Activity: The lines from the one containing "つまずくスパイラル教育学KinuHada 3 premium" through the last line below, both ends included, must be reproduced exactly, with no pictures.

==== Input data ====

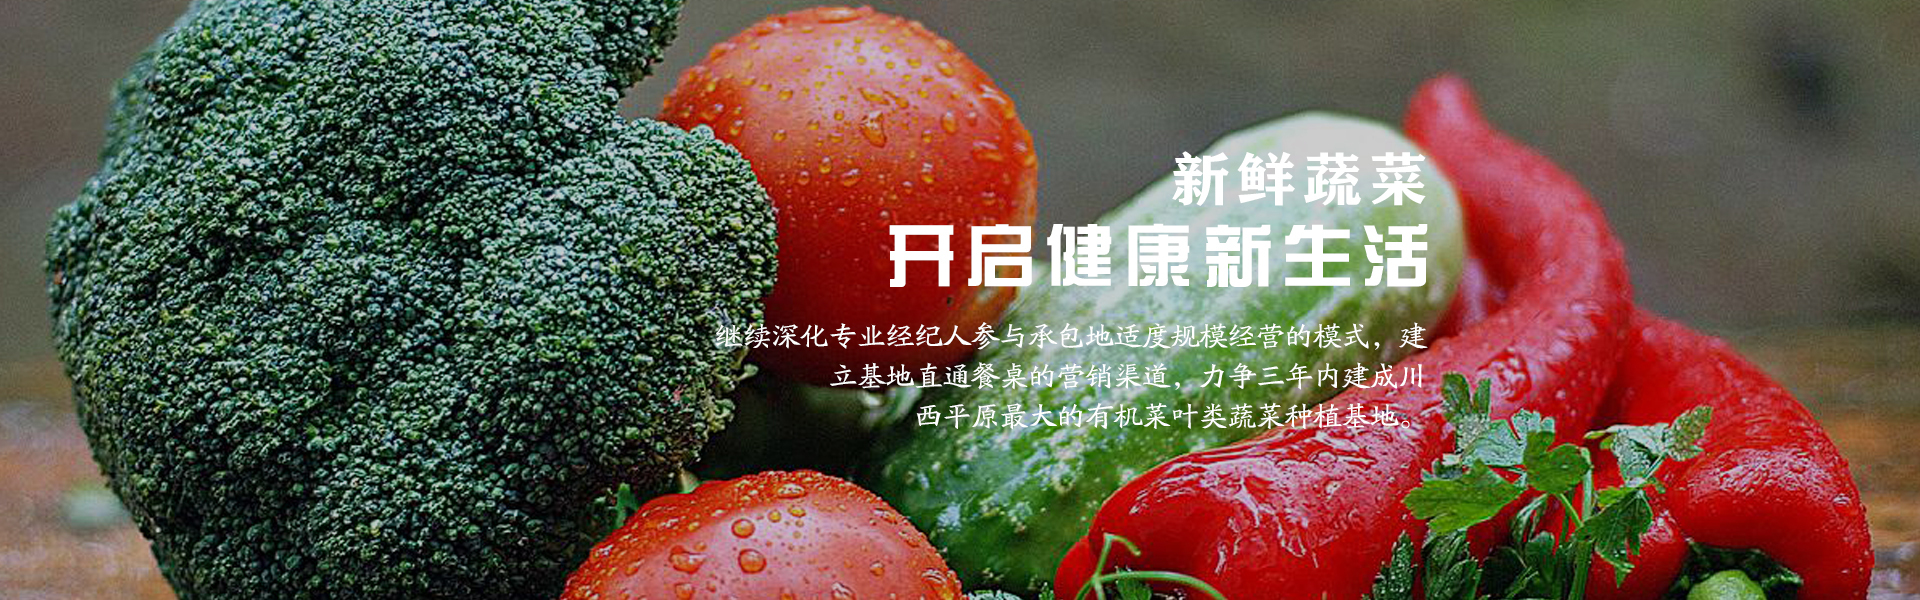 自贡新鲜蔬菜_绿色健康购买-成都市录超农业有限责任公司
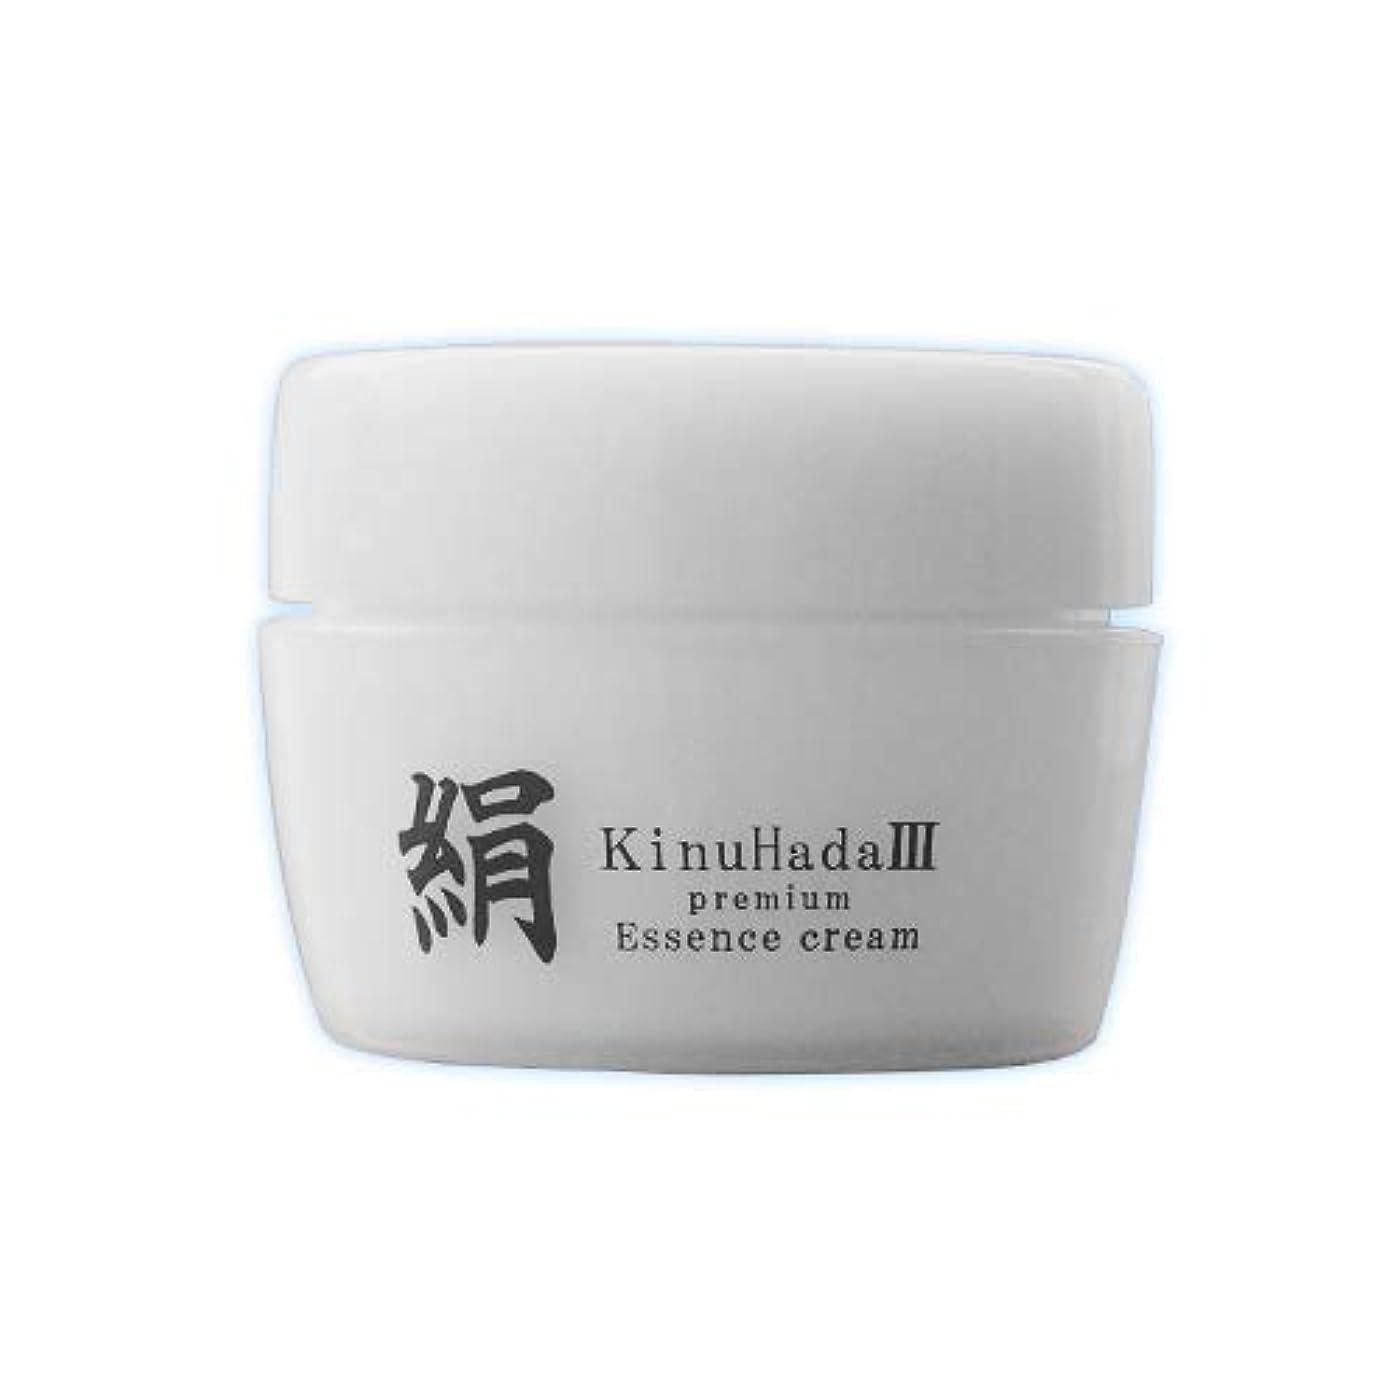 つまずくスパイラル教育学KinuHada 3 premium 60g オールインワン 美容液 絹
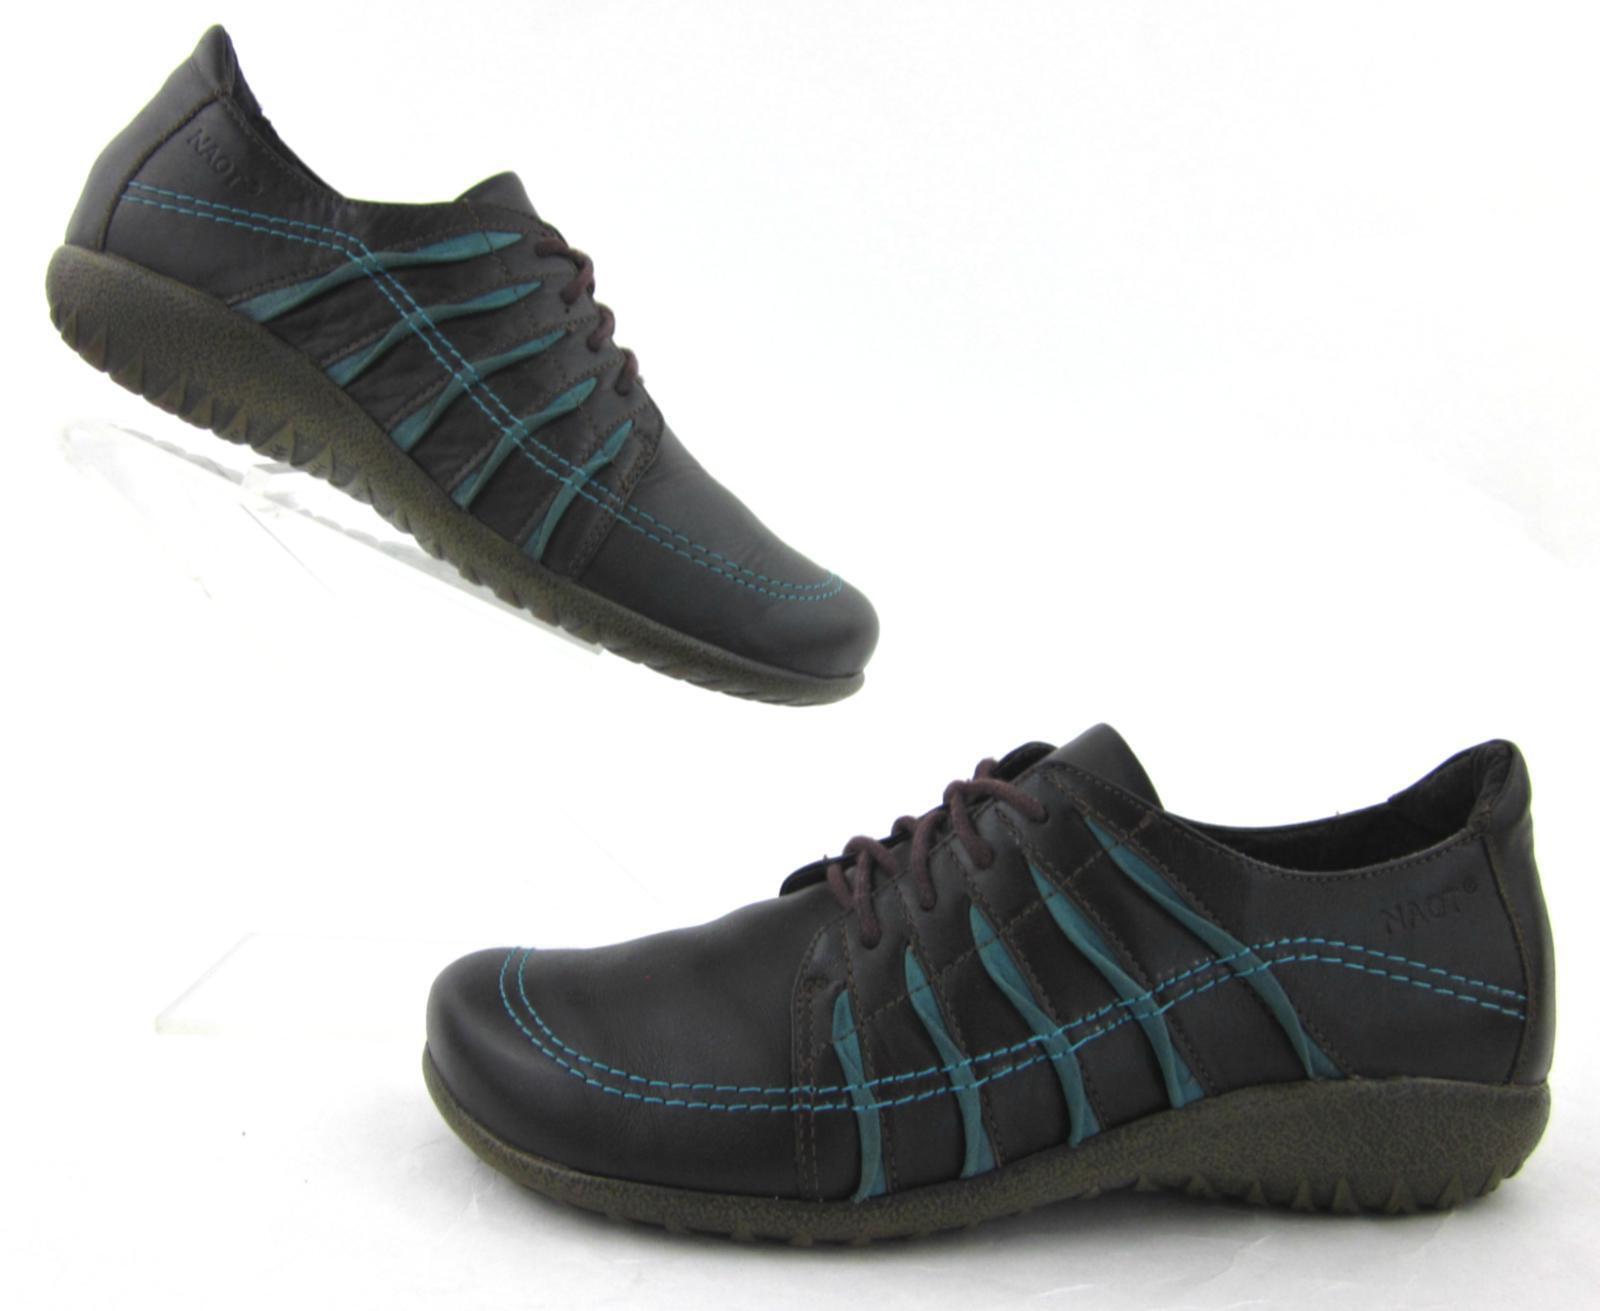 Naot Tanguru Lace Up Oxfords Schuhes Braun / 38 Teal Leder EU 38 / US 7 bcfb70

====

Result:
 つまずくスパイラル教育学KinuHada 3 premium 60g オールインワン 美容液 絹
 Naot Tanguru Lace Up Oxfords Schuhes Braun / 38 Teal Leder EU 38 / US 7 bcfb70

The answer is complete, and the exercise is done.